Algumas coisas se perdem fácil. Um dia, jazia tranquilo o vento do Morro dos Ventos Uivantes na minha mesa. Lia-o. Não leio livros, disseco as palavras. No entanto, só o título é o tranquilo; as páginas não são o sereno. Emily consegue deixar o vento com um tocar ríspido e uma aspereza indigesta. Tenho agora medo de que ele me corte ao soprar. Somos um pouco da aspereza do vento de Brontё, ventamos, algumas vezes, sem intenção de lâmina.
Era uma edição da Martin Claret com tradução de Solange Pinheiro. Capa com campo cinzento… Convoquemos o passado.
Dentre as idas e vindas na Universidade, saí do ônibus apressado e com o telefone na mão. Estava o livro na bolsa acompanhando o celular. Ainda no ônibus, retirei o segundo e saí dele apertado no meu ouvido. Terminei. Joguei o celular no bolso… Incomodado pelo fato dos chaveiros nervosos pendurados no zíper da minha bolsa estarem balançado demais, minhas pernas fizeram o esforço leve de me levarem tranquilo.
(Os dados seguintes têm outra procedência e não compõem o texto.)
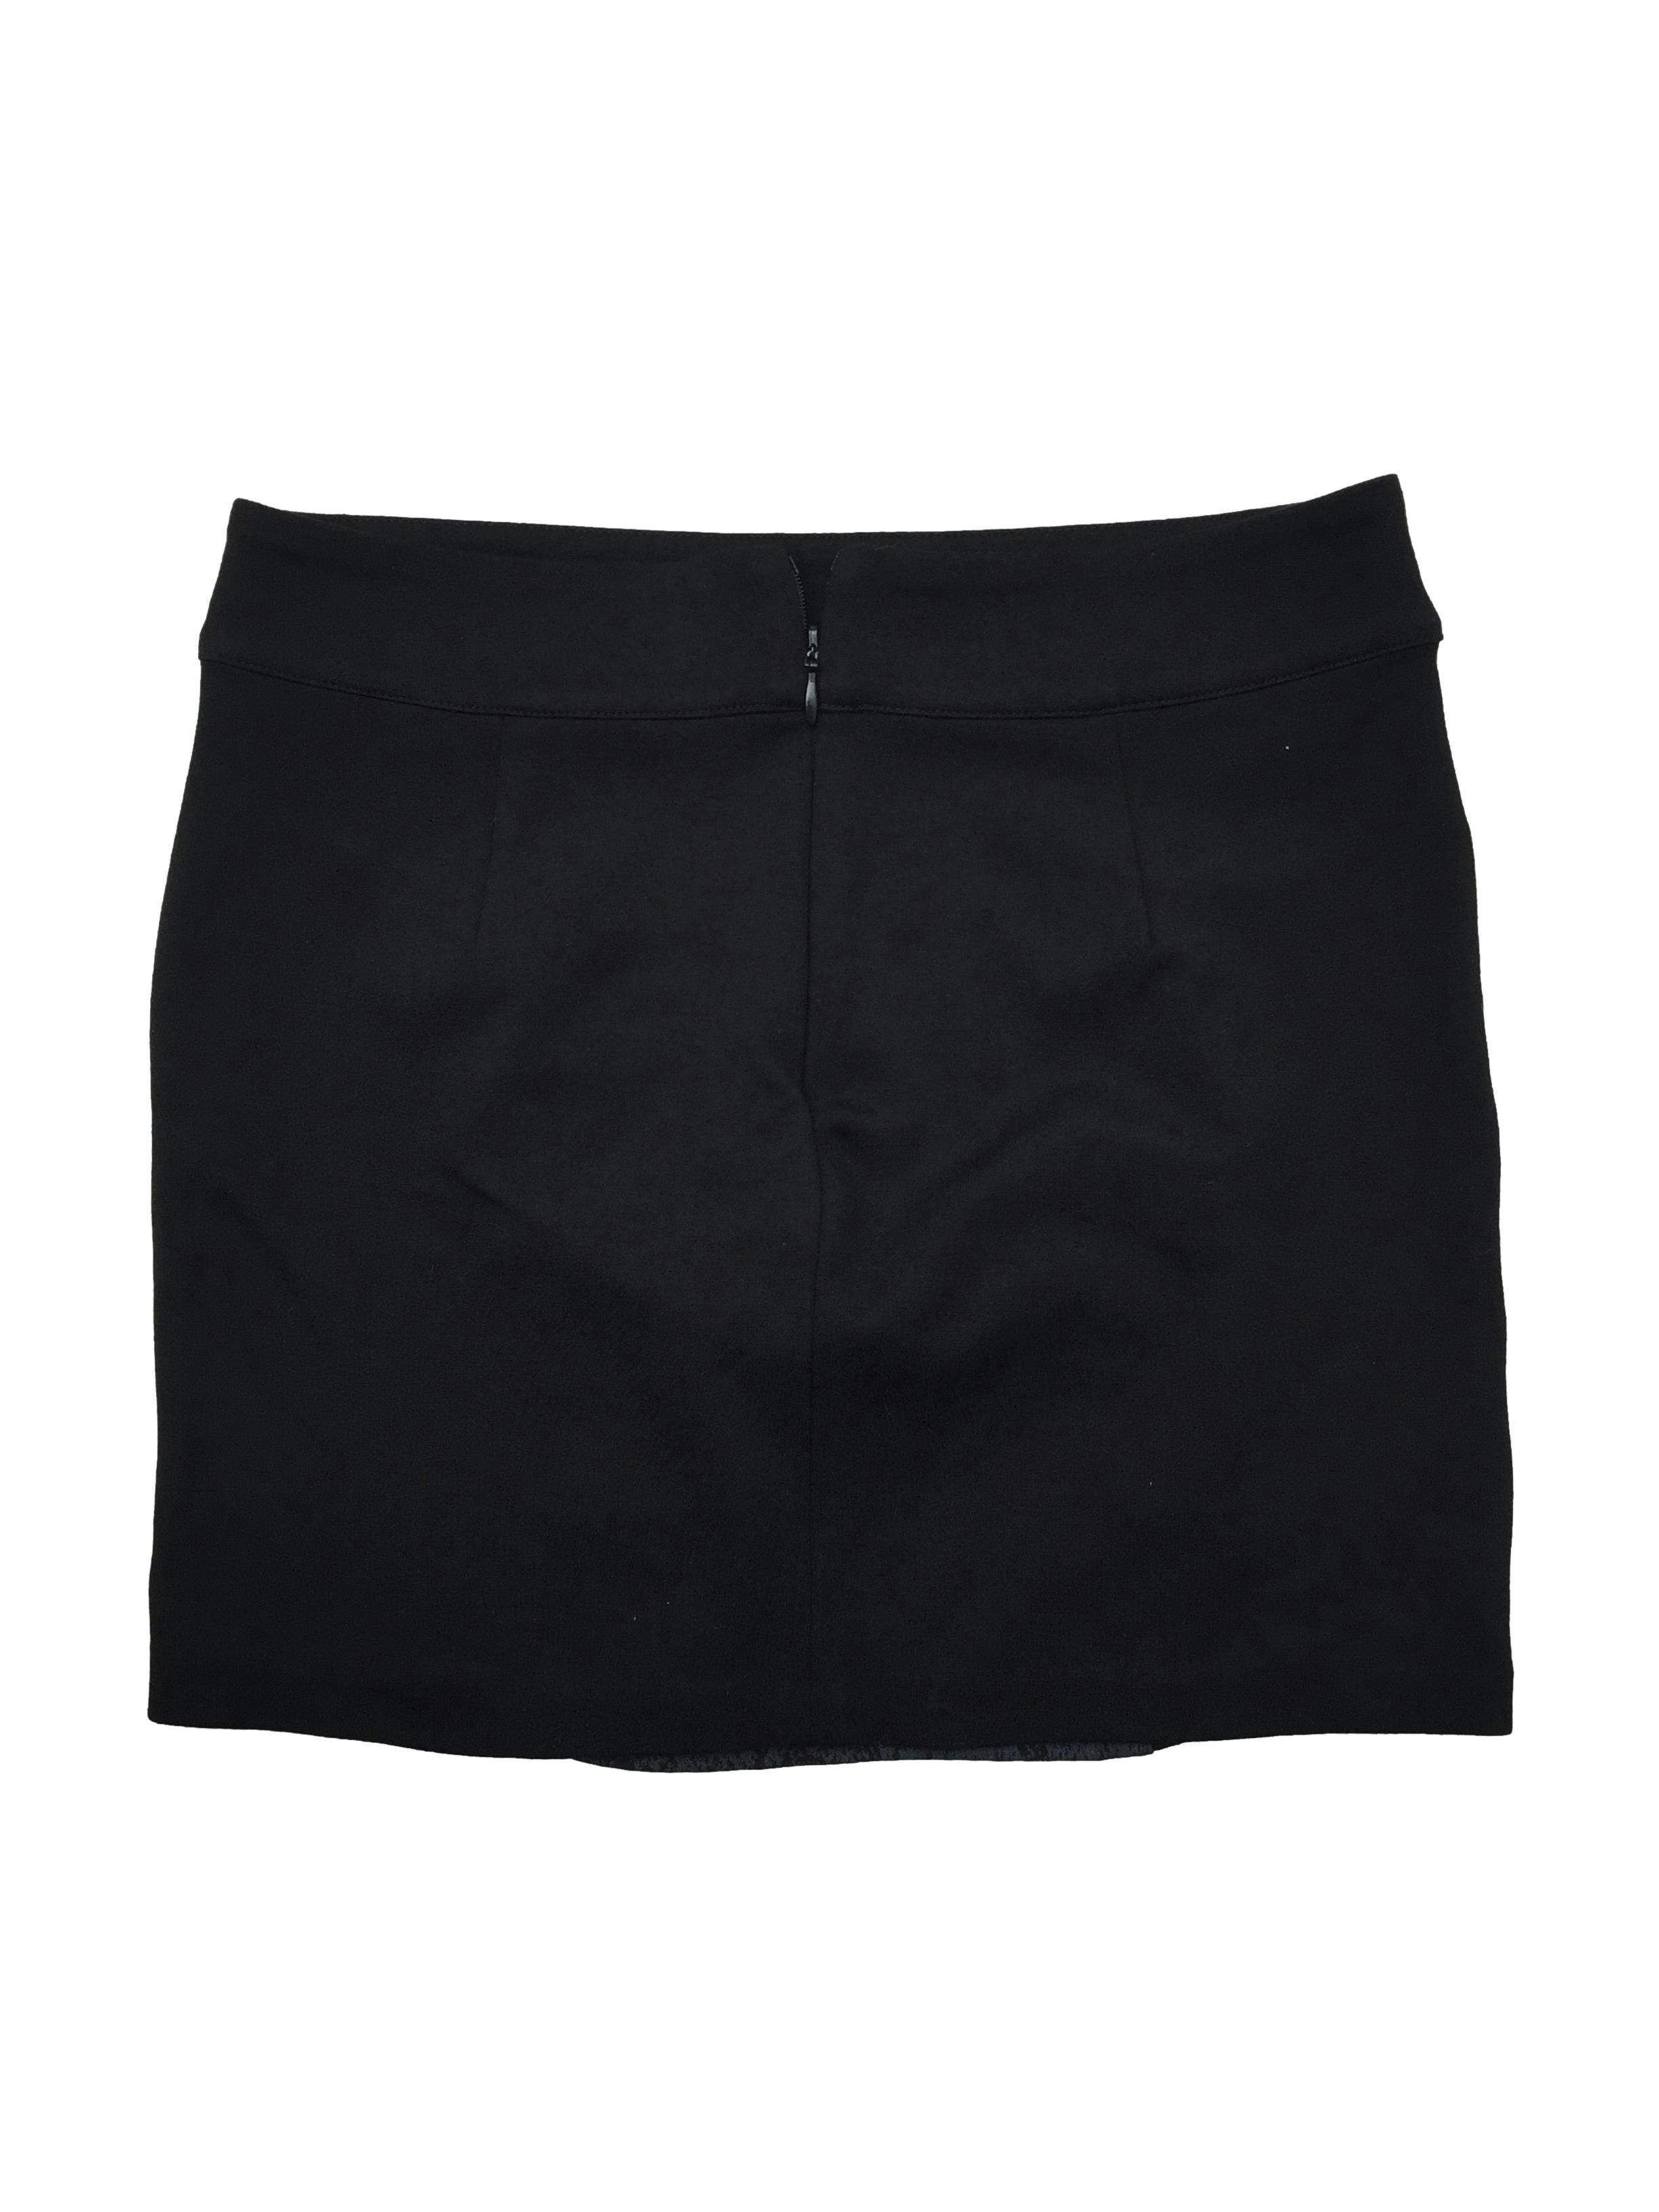 Falda negra de tela stretch con estampado de pitón y cierre posterior invisible. Cintura 68cm, Largo 34cm.

Apartado do controle delas, estava eu longe de mim e em mergulho dócil. Senti a graça
de estar além. Voltei no pensar para a Universidade. Quando não gostei mais, retornei.
Quando tornei a mim, passei ao lado de duas crianças que me olharam. Já tinha eu me esquecido do tintilar dos chaveiros. Não cessaram. Absorto em uma transcendência difícil de ser traduzida, senti os dedos novamente. Abri o portão de casa. Minhas pernas fizeram novo favor. Meus dedos agarraram a mochila e, ao notá-la, estava aberta.
− Emily? Emily?
Sem resposta. A intranquilidade da perda. Estava depois da metade. Agora já não estava mais; terei de esperar um reler. Que me reservará as novas circunstâncias? Serei
outro até lá. O novo Morro dos Ventos Uivantes e a nova Brontё não serão os mesmos.
Dirão coisas outras para além da narração. Não será a sensação antiga. Terei, pois, outra edição. Não sei se perdi em provável queda que agora me acerta o presente do escrever; ou se foi pego… Coisa certa é que não me dei a perdê-la por completo. Repousa inerte em mente. Será agora alvo da memória. Brontё, eu ainda a tenho.